═════ Dataset section ═════

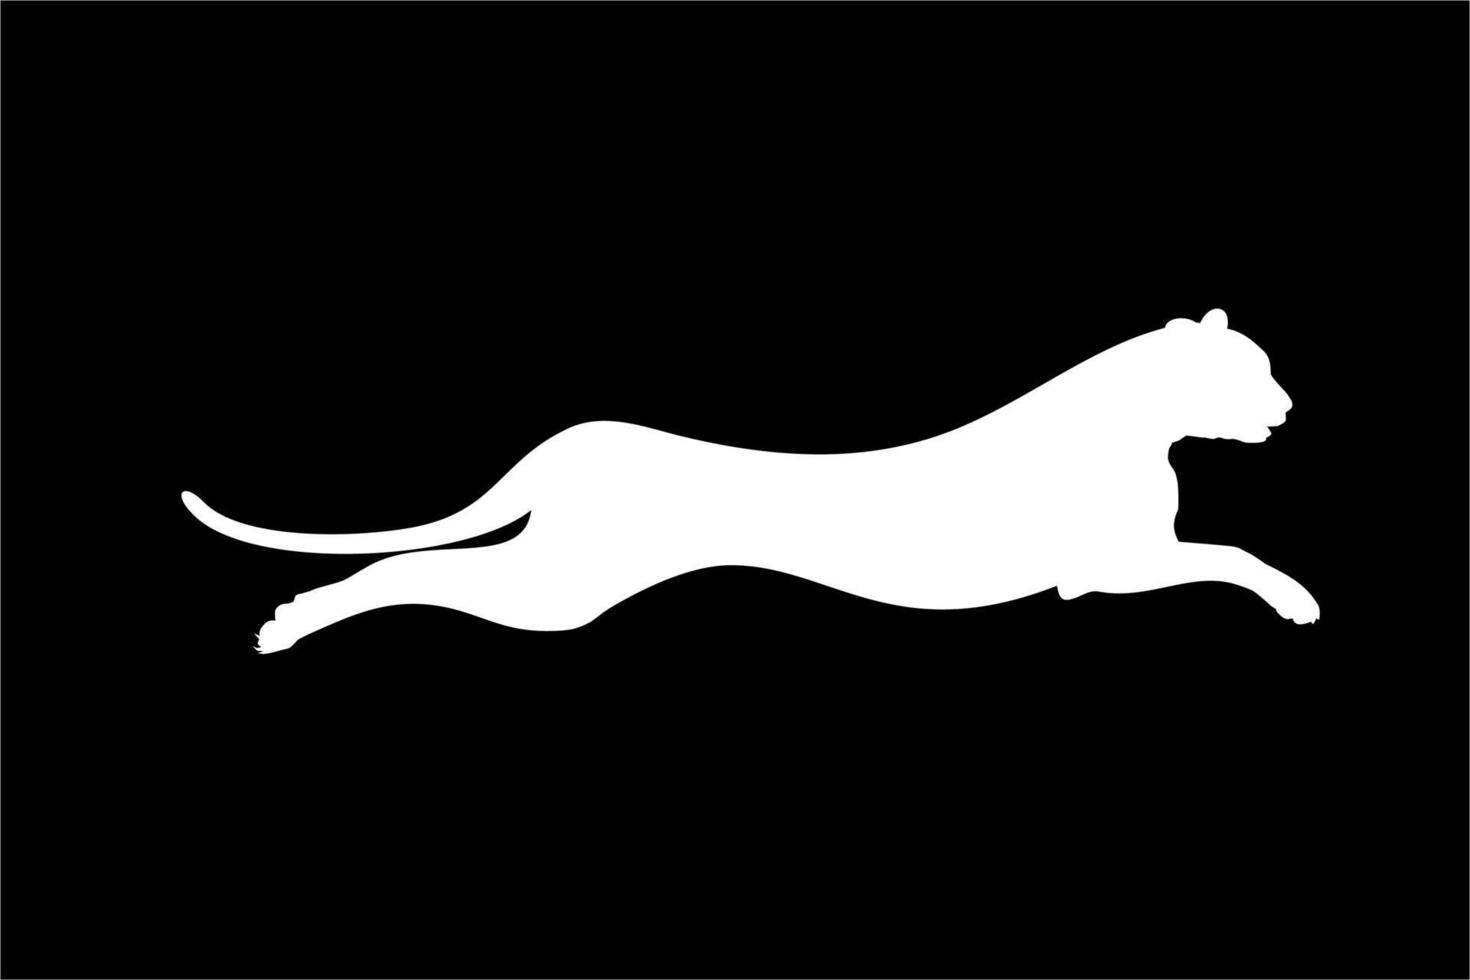 silueta del gato salvaje saltador, tigre, leopardo, pantera, guepardo, jaguar y familia de grandes felinos, para logotipo, pictograma, sitio web o elemento de diseño gráfico. ilustración vectorial vector
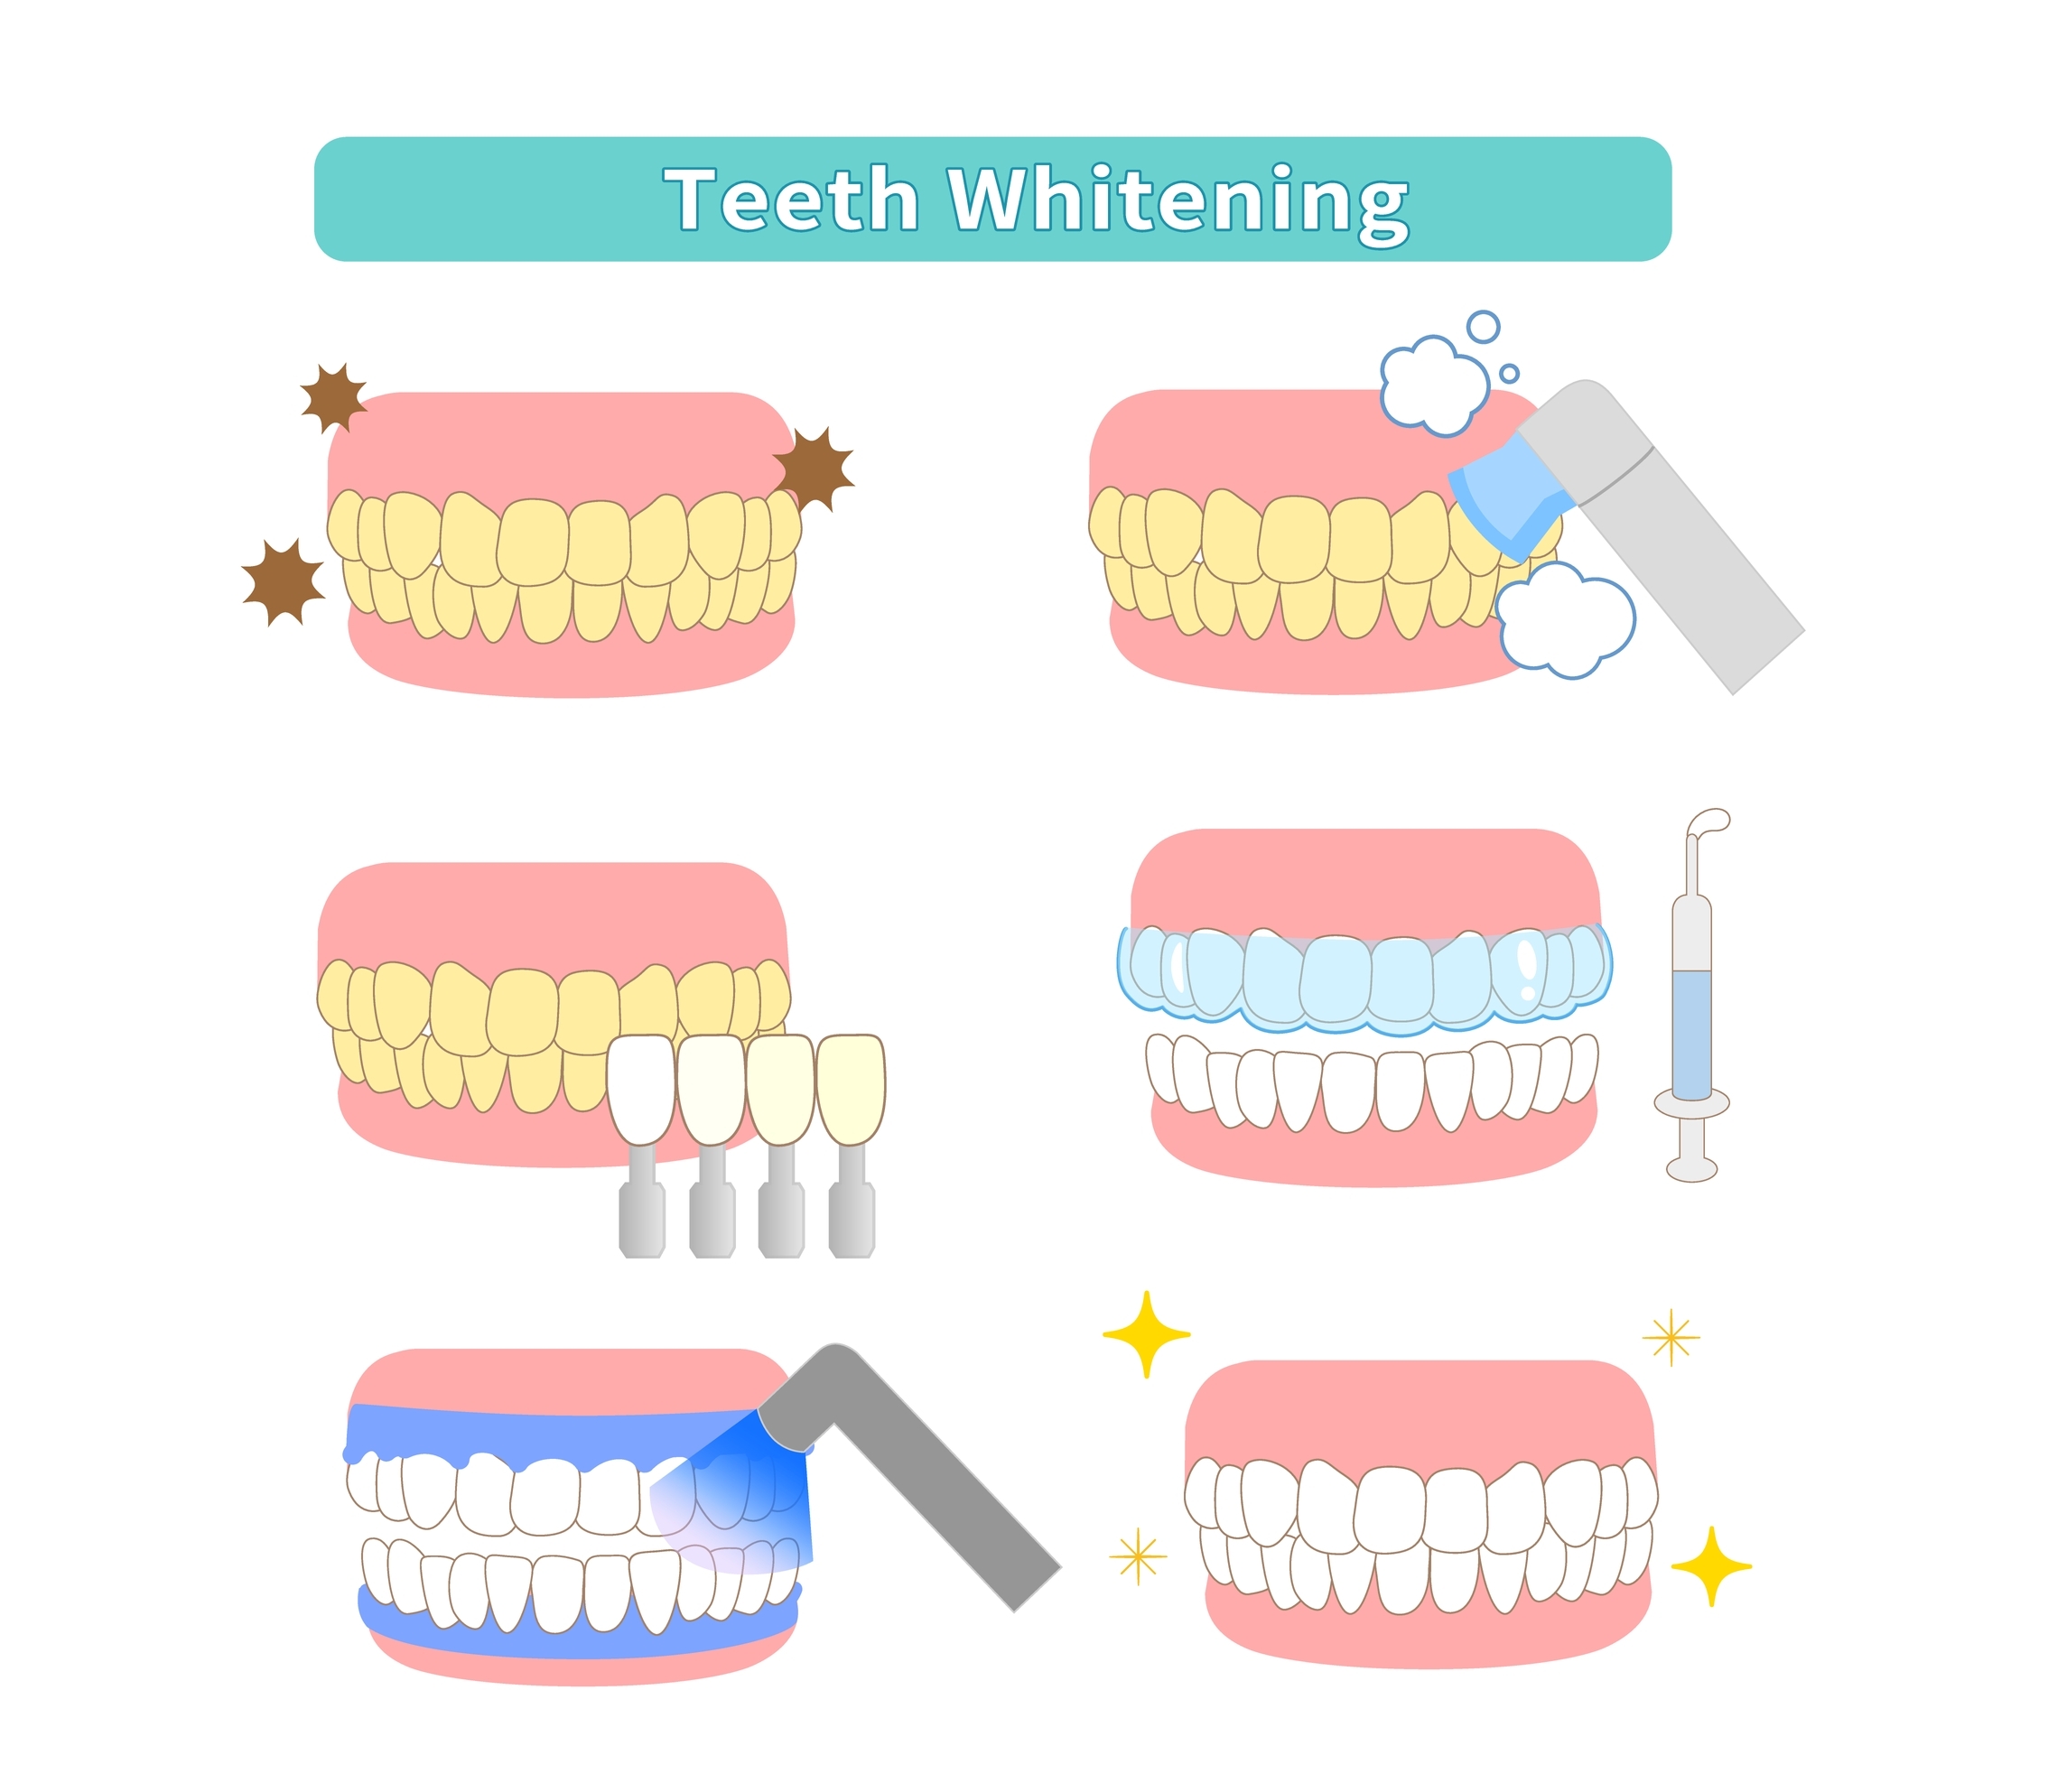 steps of teeth whitening procedure
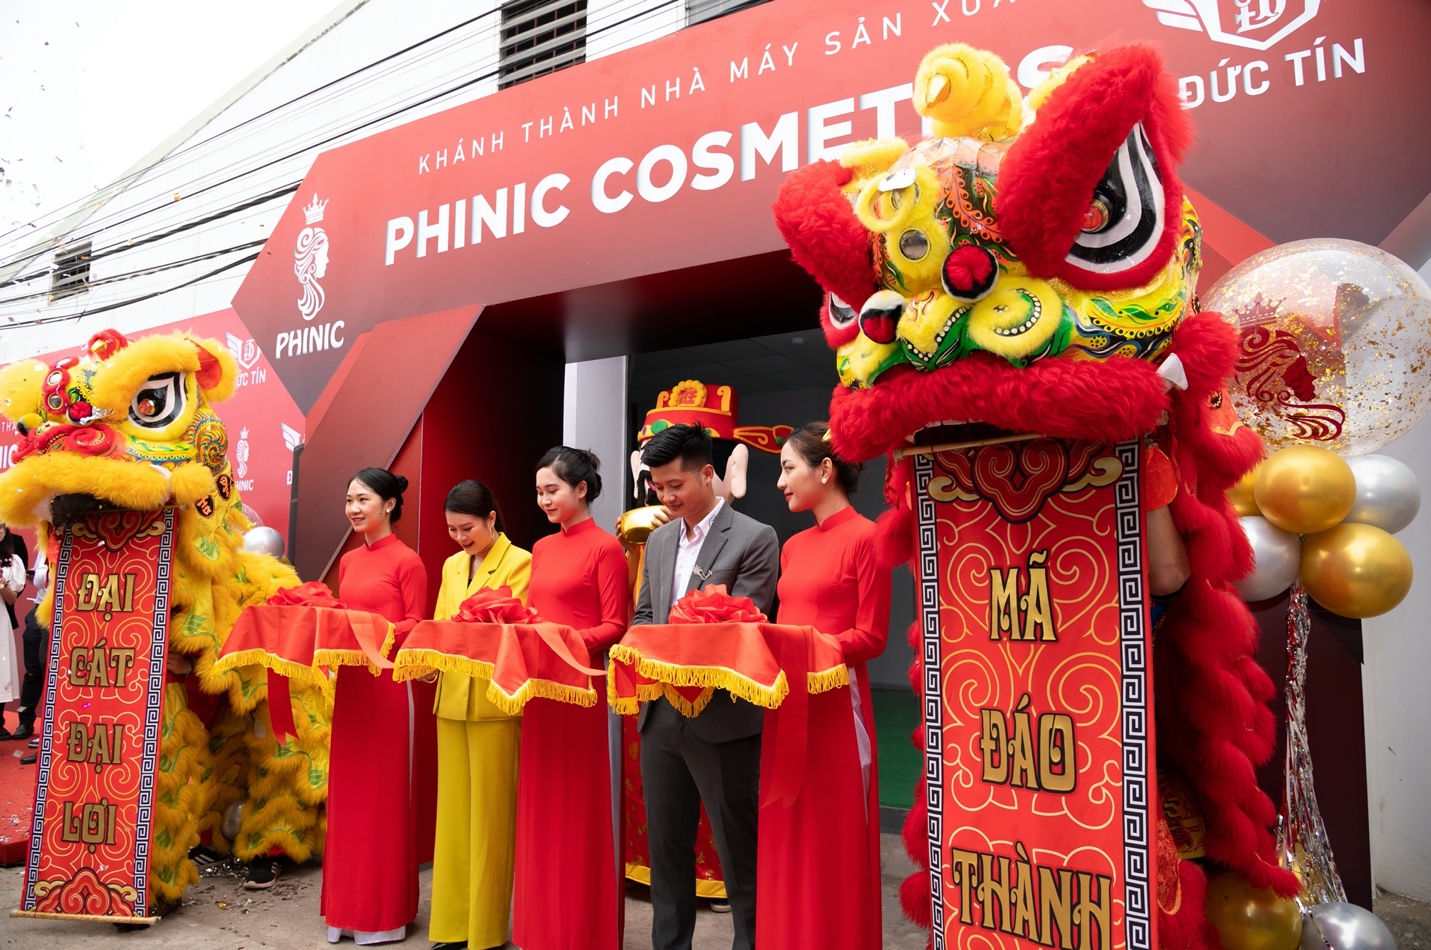 Lễ khánh thành nhà máy sản xuất đầy “lộc” của Phinic Cosmetics (Đức Tín Group) - Ảnh 1.

═════

*Problem*: Please retype the data exactly, but do not carry over any picture.

*Response area*:
 silueta del gato salvaje saltador, tigre, leopardo, pantera, guepardo, jaguar y familia de grandes felinos, para logotipo, pictograma, sitio web o elemento de diseño gráfico. ilustración vectorial vector
 steps of teeth whitening procedure
 Lễ khánh thành nhà máy sản xuất đầy “lộc” của Phinic Cosmetics (Đức Tín Group) - Ảnh 1.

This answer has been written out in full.